其实,对于usb_register_driver()可以看作是usb设备中的接口驱动,而usb_register_device_driver()是一个单纯的USB设备驱动.
四: hub的驱动分析
4.1: usb_bus_type->match()的匹配过程
usb_bus_type->match()用来判断驱动和设备是否匹配,它的代码如下:
static int usb_device_match(struct device *dev, struct device_driver *drv)
{
/* devices and interfaces are handled separately */
//usb device的情况
if (is_usb_device(dev)) {
/* interface drivers never match devices */
if (!is_usb_device_driver(drv))
return 0;
/* TODO: Add real matching code */
return 1;
}
//interface的情况
else {
struct usb_interface *intf;
struct usb_driver *usb_drv;
const struct usb_device_id *id;
/* device drivers never match interfaces */
if (is_usb_device_driver(drv))
return 0;
intf = to_usb_interface(dev);
usb_drv = to_usb_driver(drv);
id = usb_match_id(intf, usb_drv->id_table);
if (id)
return 1;
id = usb_match_dynamic_id(intf, usb_drv);
if (id)
return 1;
}
return 0;
}
这里的match会区分上面所说的两种驱动,即设备的驱动和接口的驱动.
is_usb_device()的代码如下:
static inline int is_usb_device(const struct device *dev)
{
return dev->type == &usb_device_type;
}
很明显,对于root hub来说,这个判断是肯定会满足的.
static inline int is_usb_device_driver(struct device_driver *drv)
{
return container_of(drv, struct usbdrv_wrap, driver)->
for_devices;
}
回忆一下,我们在分析usb_register_device_driver()的时候,不是将new_udriver->drvwrap.for_devices置为了1么?所以对于usb_register_device_driver()注册的驱动来说,这里也是会满足的.

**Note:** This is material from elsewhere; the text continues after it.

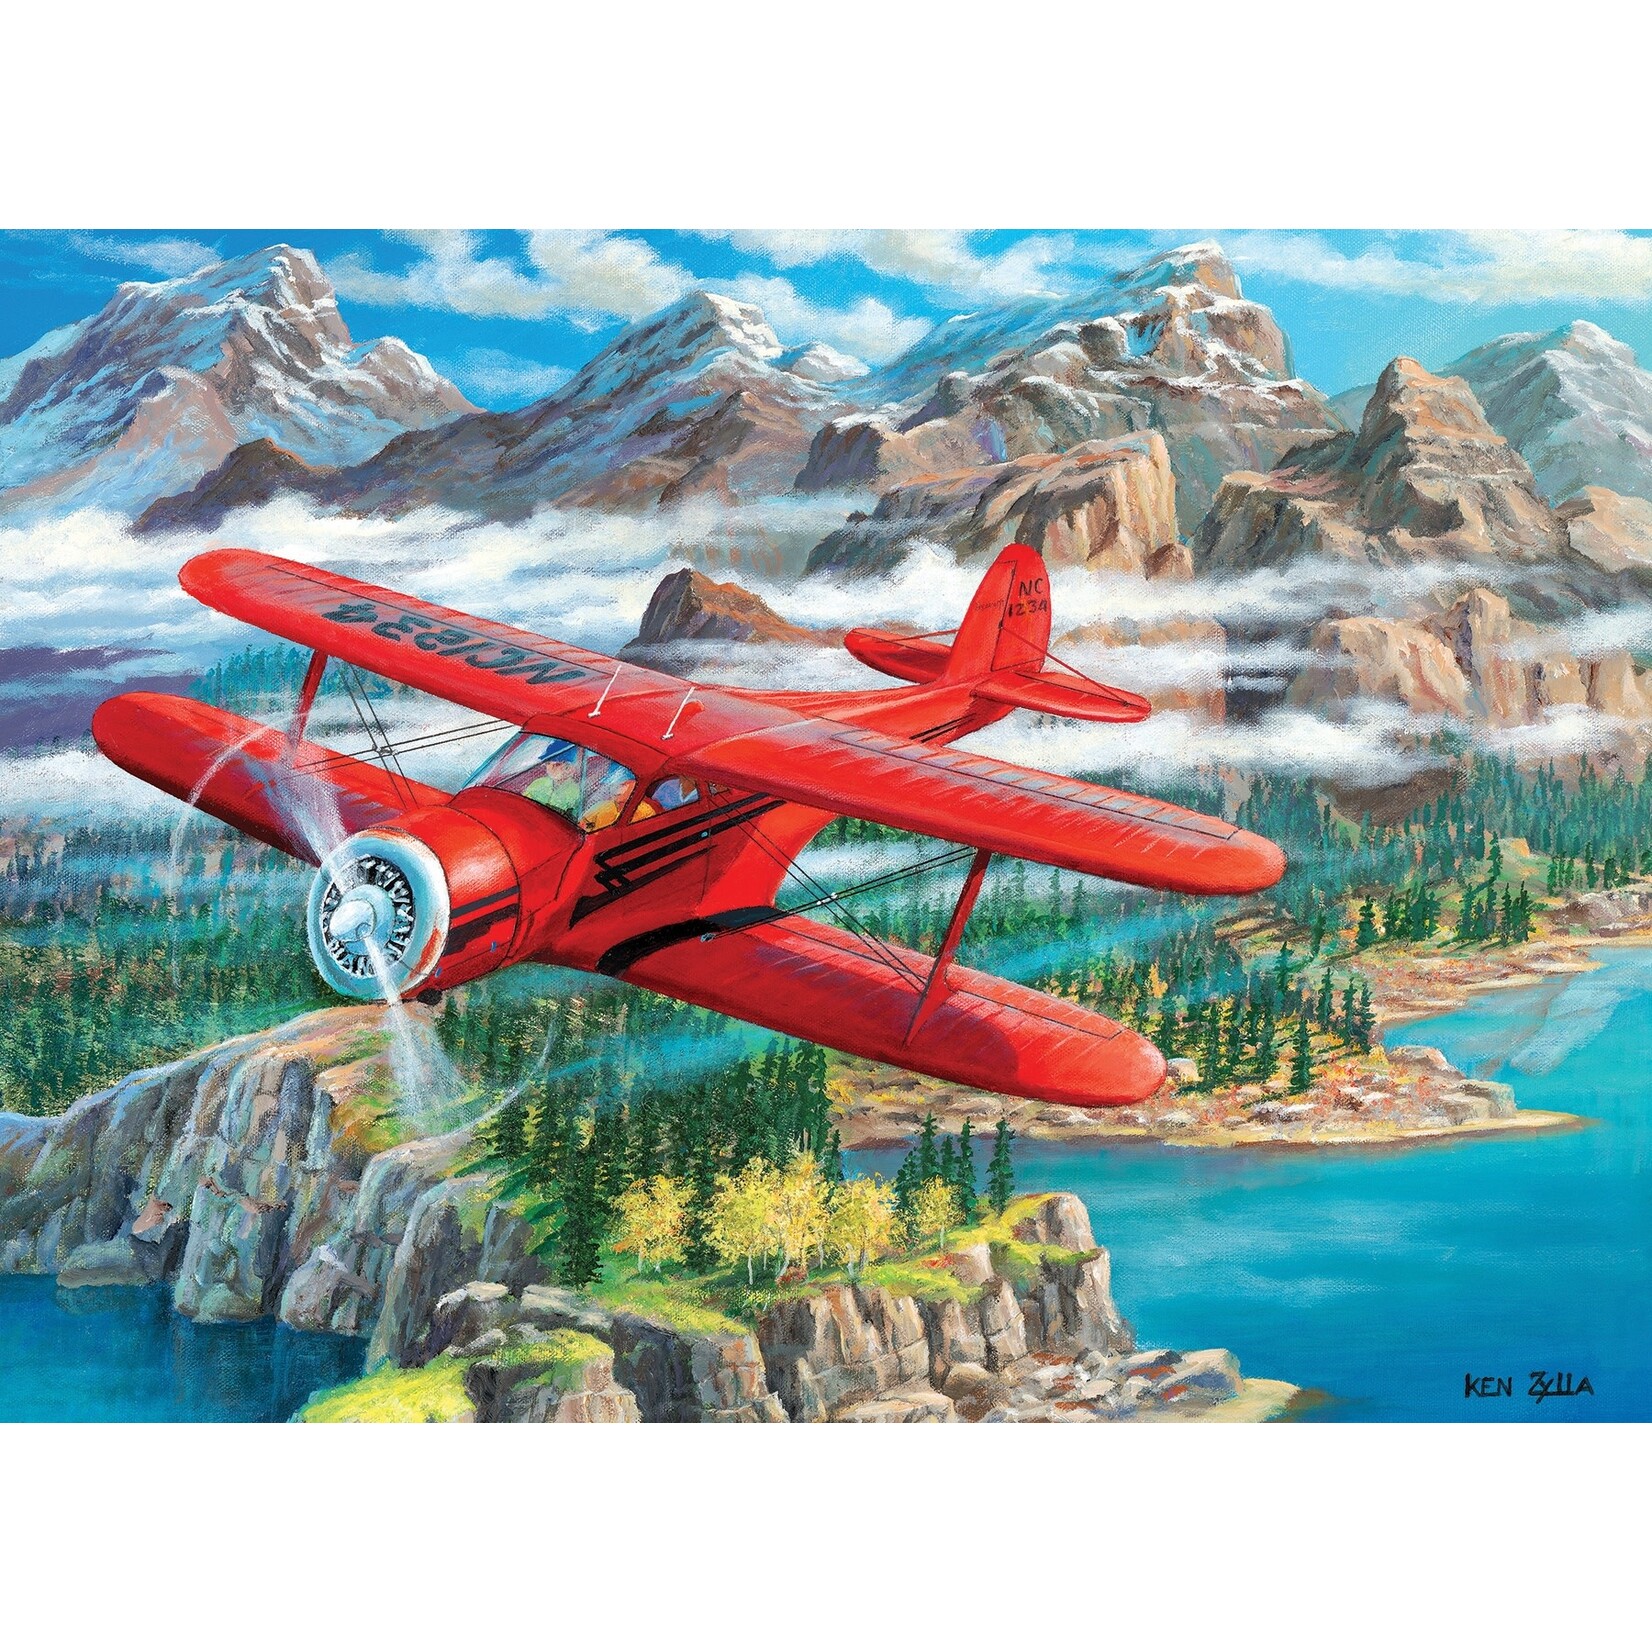 Cobble Hill Beechcraft Staggerwing 500pc Puzzle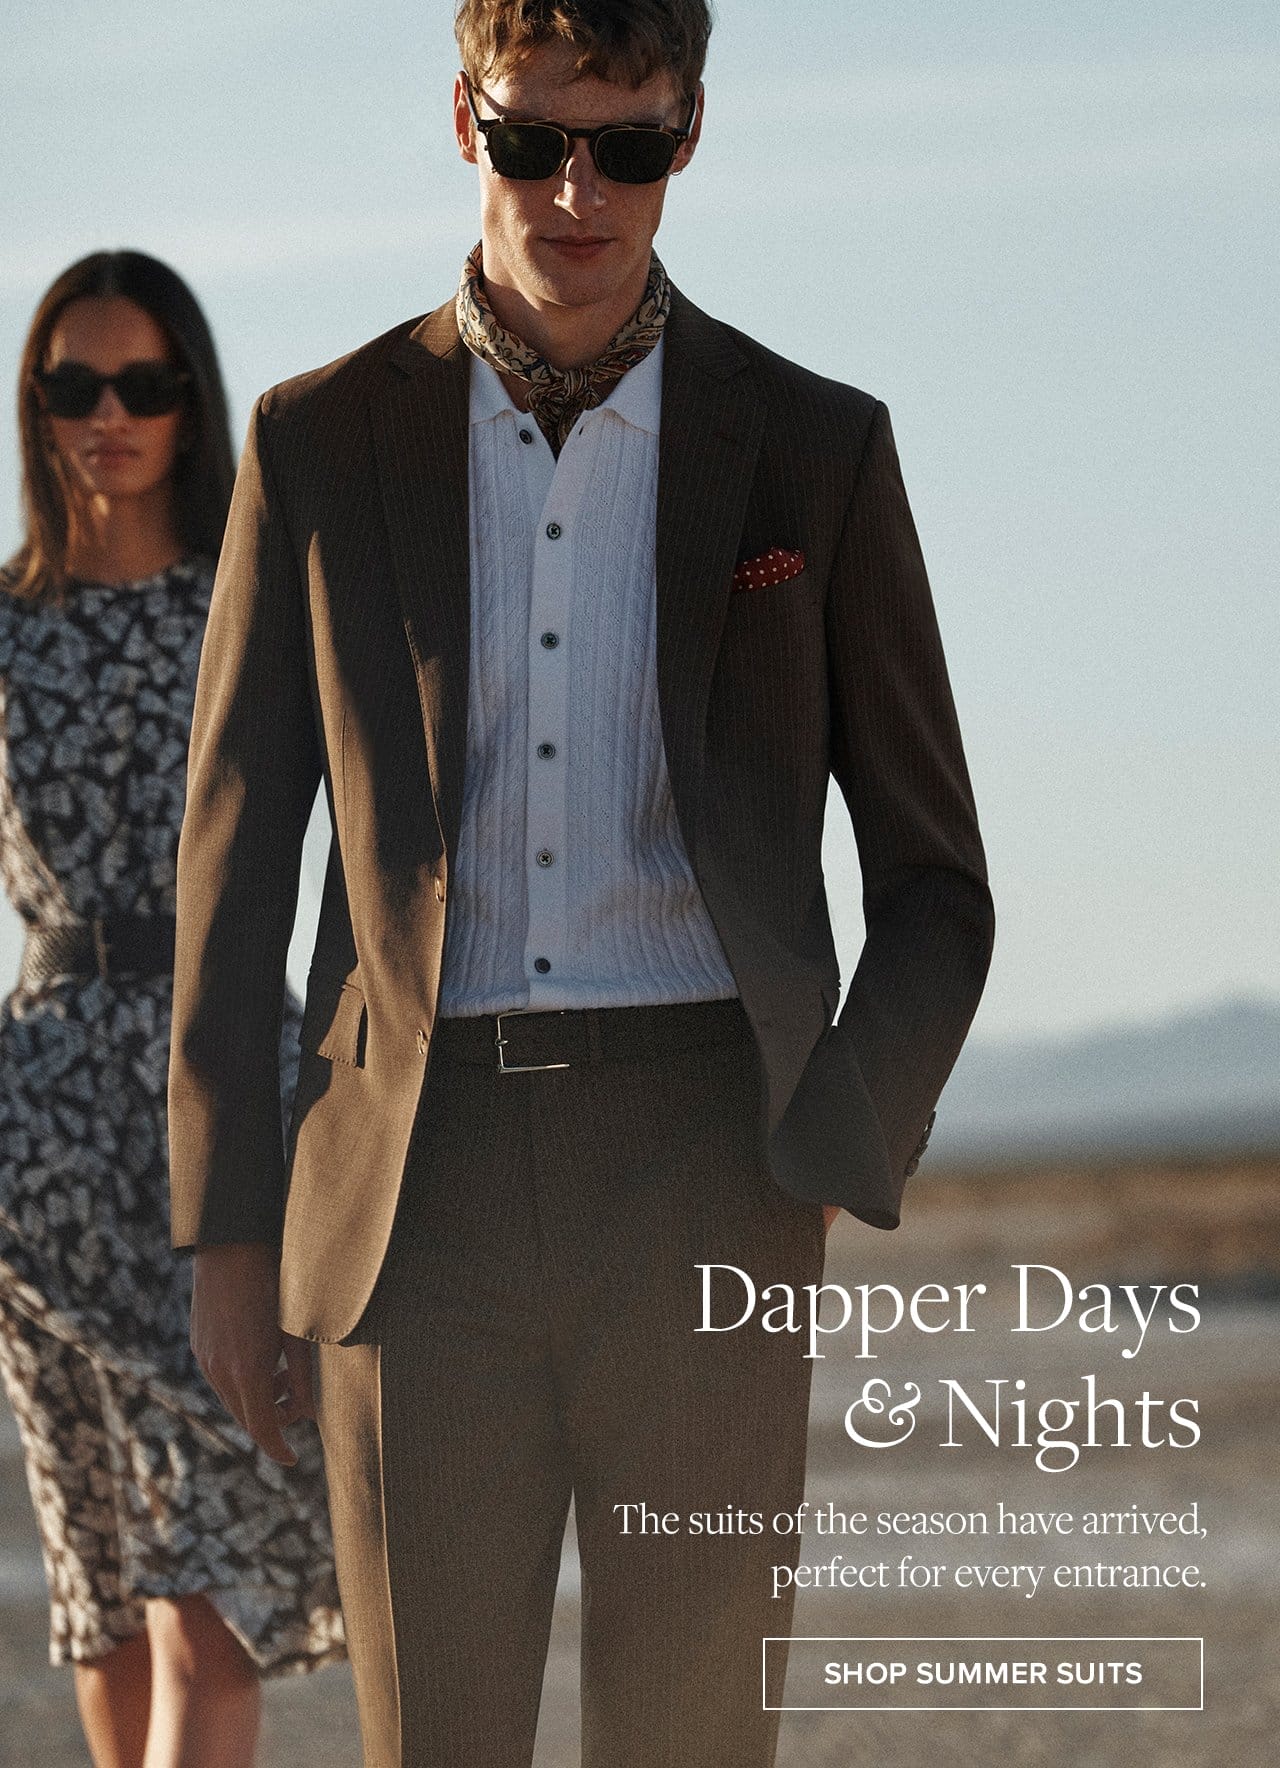 Dapper Days and Night The suits of the season have arrived, perfect for every entrance. Shop Summer Suits

因此,对应root hub的情况,从第一个if就会匹配到usb_register_device_driver()注册的驱动.
对于接口的驱动,我们等遇到的时候再来进行分析.
4.2:root hub的驱动入口
既然我们知道,root hub会匹配到usb_bus_type->match()的驱动,那这个驱动到底是什么呢?我们从usb子系统的初始化开始说起.
在linux-2.6.25/drivers/usb/core/usb.c中.有这样的一段代码:
subsys_initcall(usb_init);
对于subsys_initcall()我们已经不陌生了,在很多地方都会遇到它.在系统初始化的时候,会调用到它对应的函数.在这里,即为usb_init().
在usb_init()中,有这样的代码片段:
static int __init usb_init(void)
{
……
……
retval = usb_register_device_driver(&usb_generic_driver, THIS_MODULE);
if (!retval)
goto out;
……
}
在这里终于看到usb_register_device_driver()了. usb_generic_driver会匹配到所有usb 设备.定义如下:
struct usb_device_driver usb_generic_driver = {
.name = "usb",
.probe = generic_probe,
.disconnect = generic_disconnect,
#ifdef CONFIG_PM
.suspend = generic_suspend,
.resume = generic_resume,
#endif
.supports_autosuspend = 1,
};
现在是到分析probe()的时候了.我们这里说的并不是usb_generic_driver中的probe,而是封装在struct usb_device_driver中的driver对应的probe函数.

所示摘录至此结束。